__Extracted records__

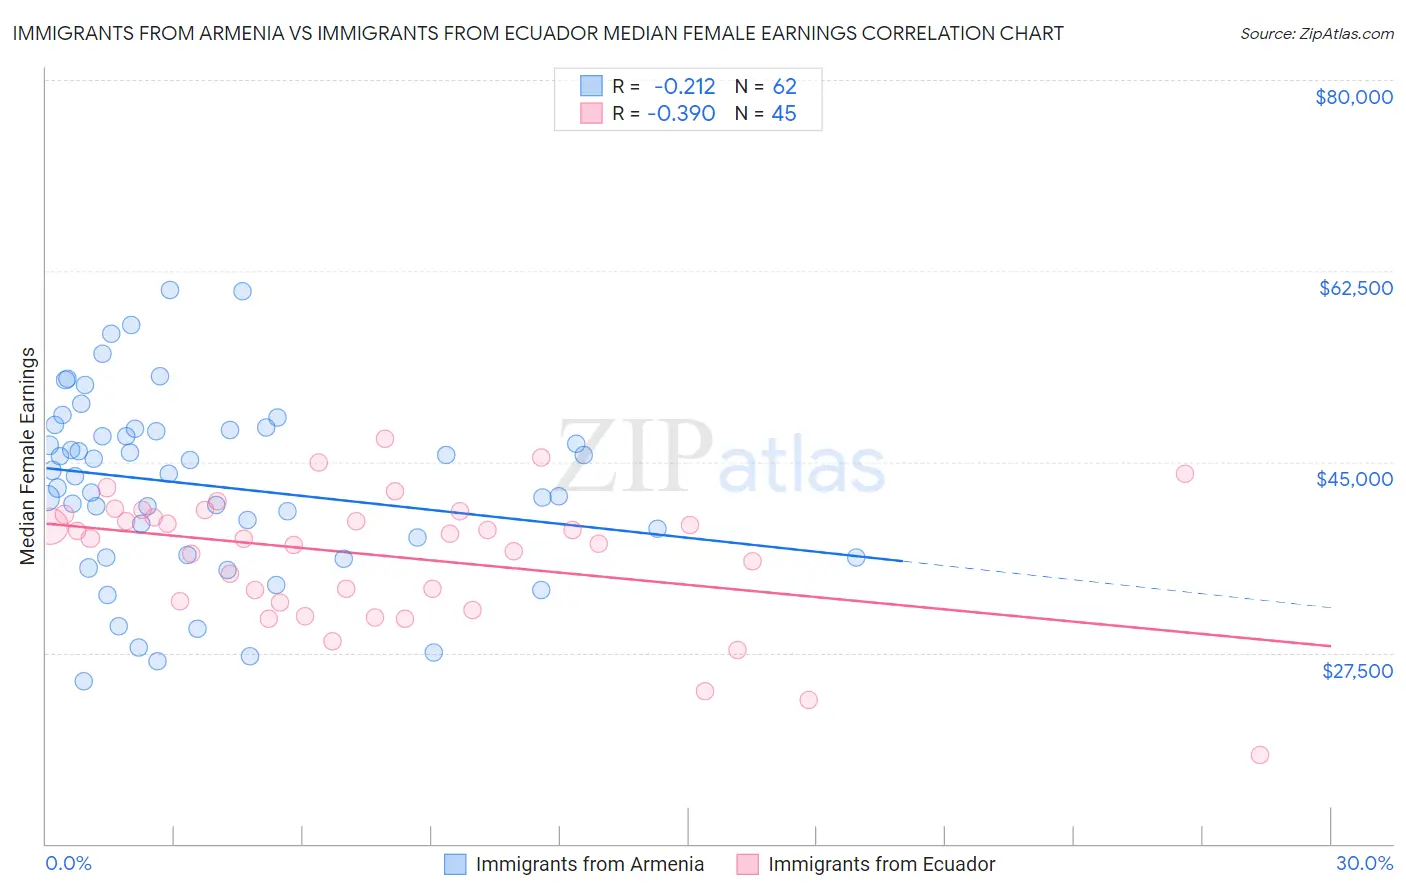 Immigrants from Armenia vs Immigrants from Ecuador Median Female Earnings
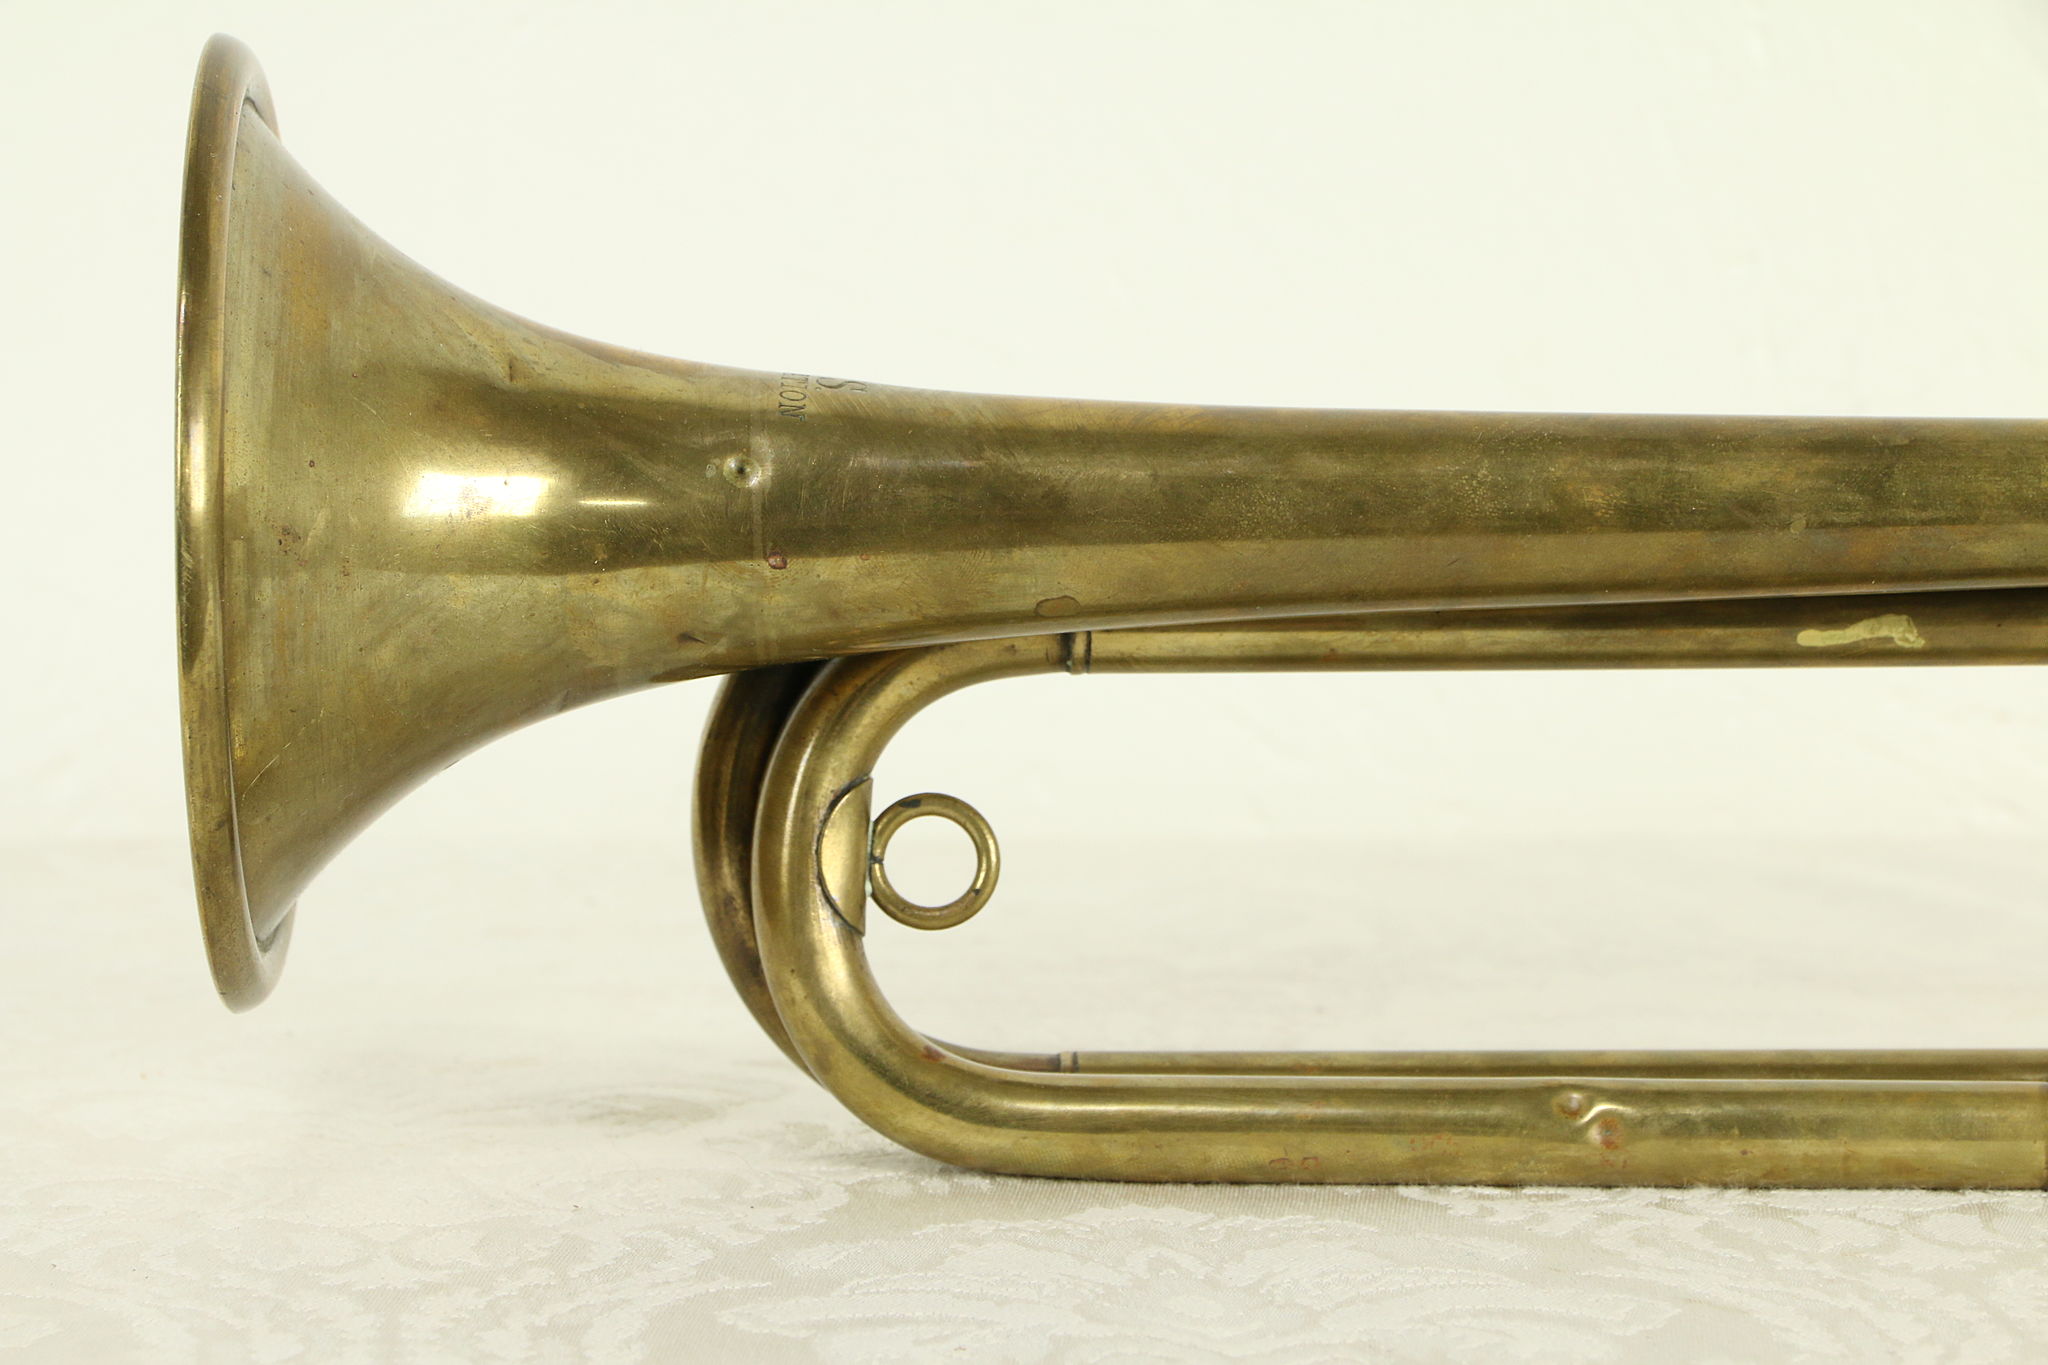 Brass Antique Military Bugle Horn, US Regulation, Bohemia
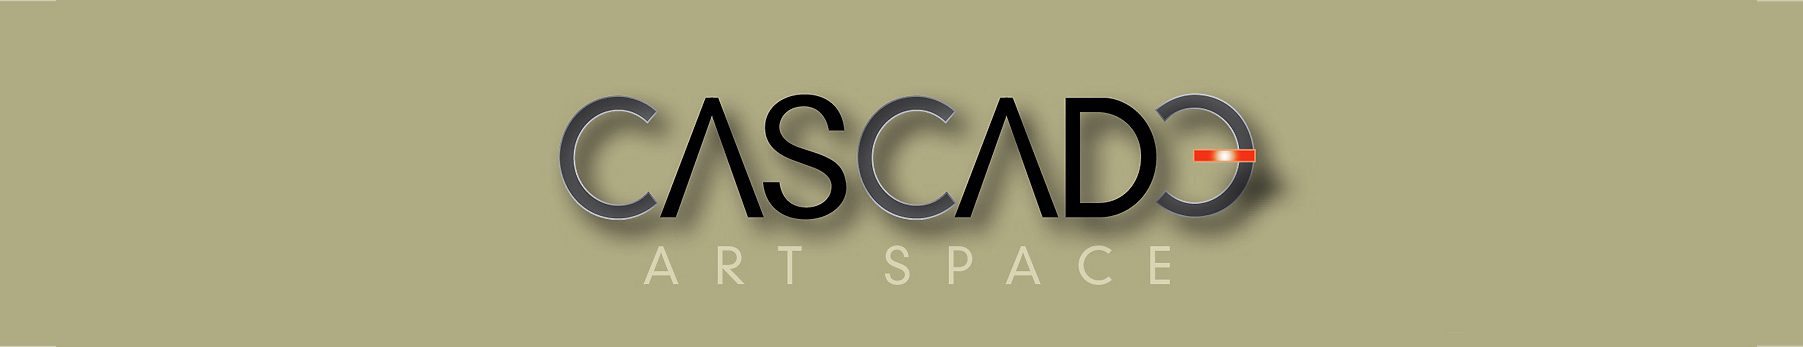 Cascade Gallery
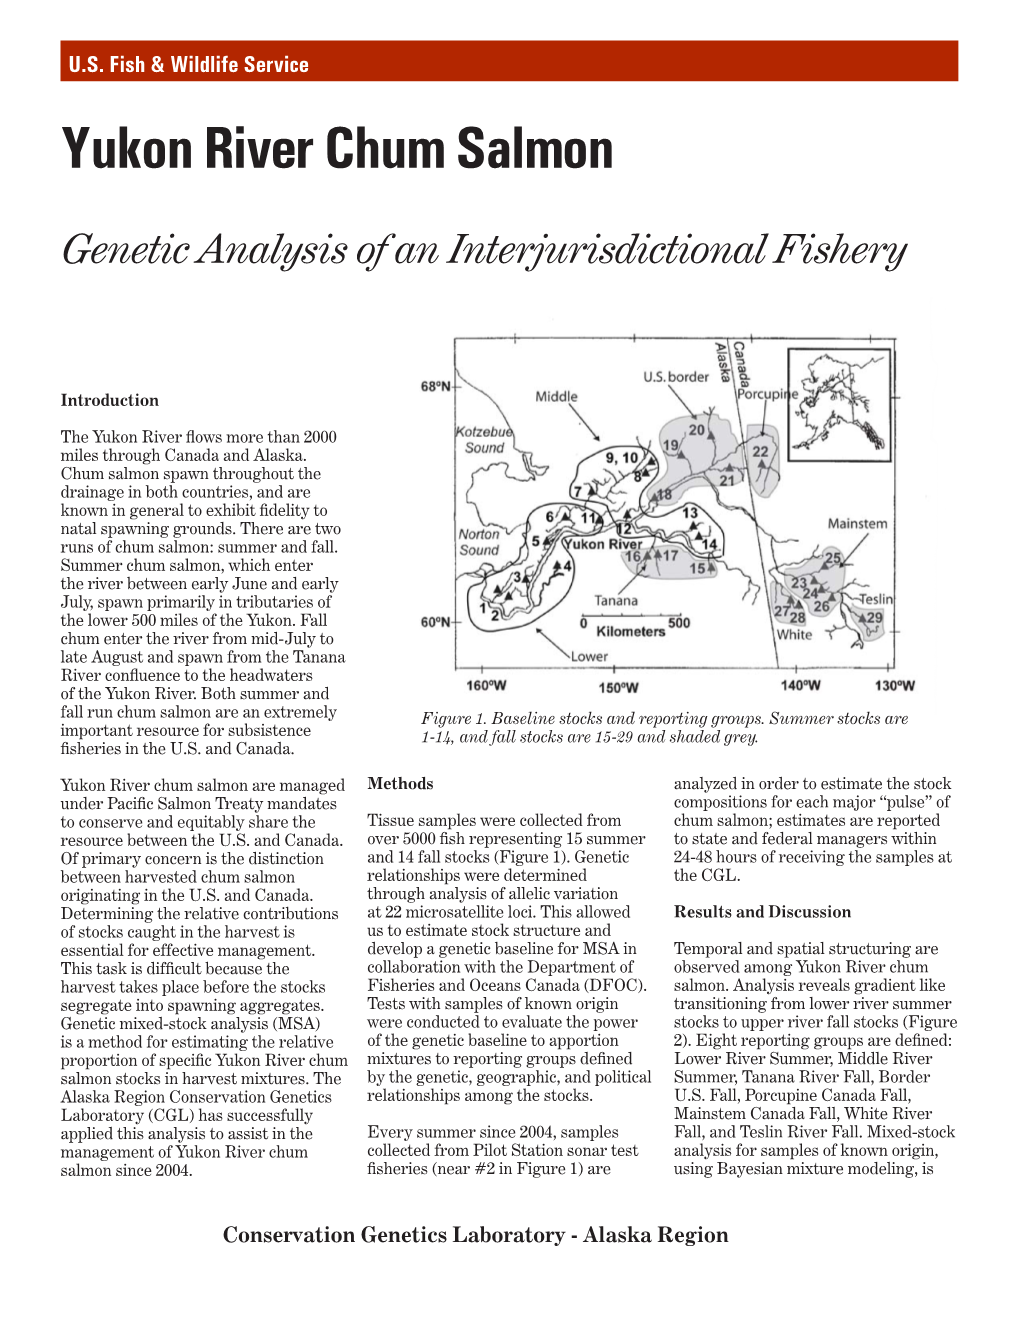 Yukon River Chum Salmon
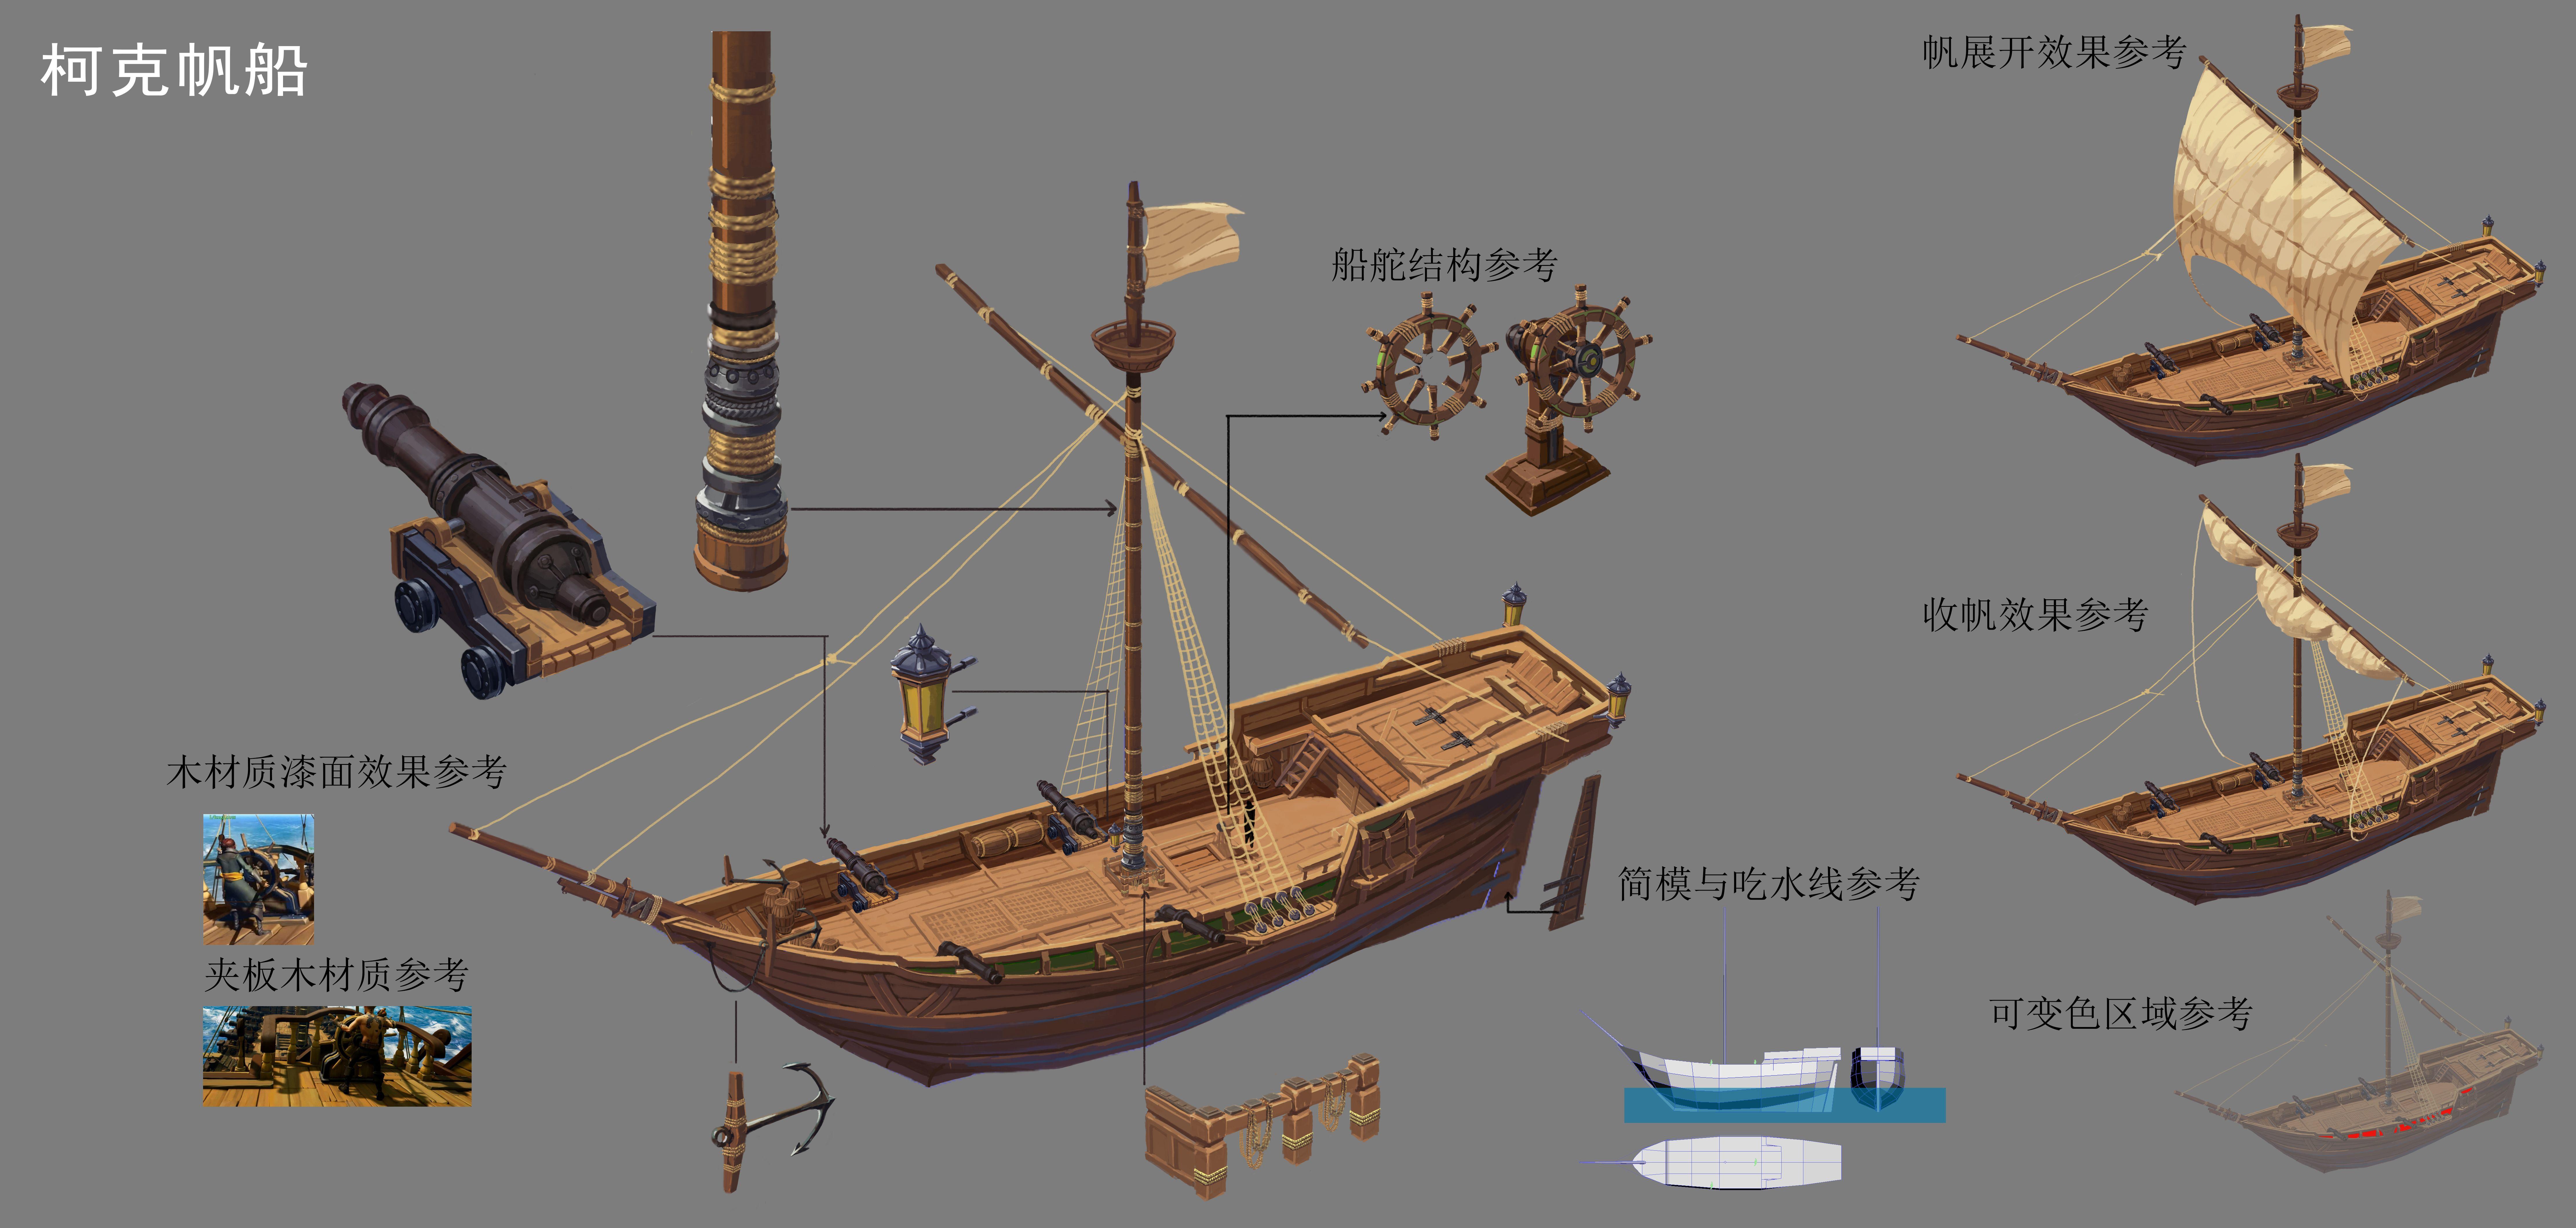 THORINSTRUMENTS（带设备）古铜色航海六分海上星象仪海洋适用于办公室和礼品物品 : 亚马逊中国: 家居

__Required action__
Your copy should match the data exactly, apart from the images, which are dropped.

__Written answer__
 Immigrants from Armenia vs Immigrants from Ecuador Median Female Earnings
 Brass Antique Military Bugle Horn, US Regulation, Bohemia
 Cascade Gallery
 Yukon River Chum Salmon
 THORINSTRUMENTS（带设备）古铜色航海六分海上星象仪海洋适用于办公室和礼品物品 : 亚马逊中国: 家居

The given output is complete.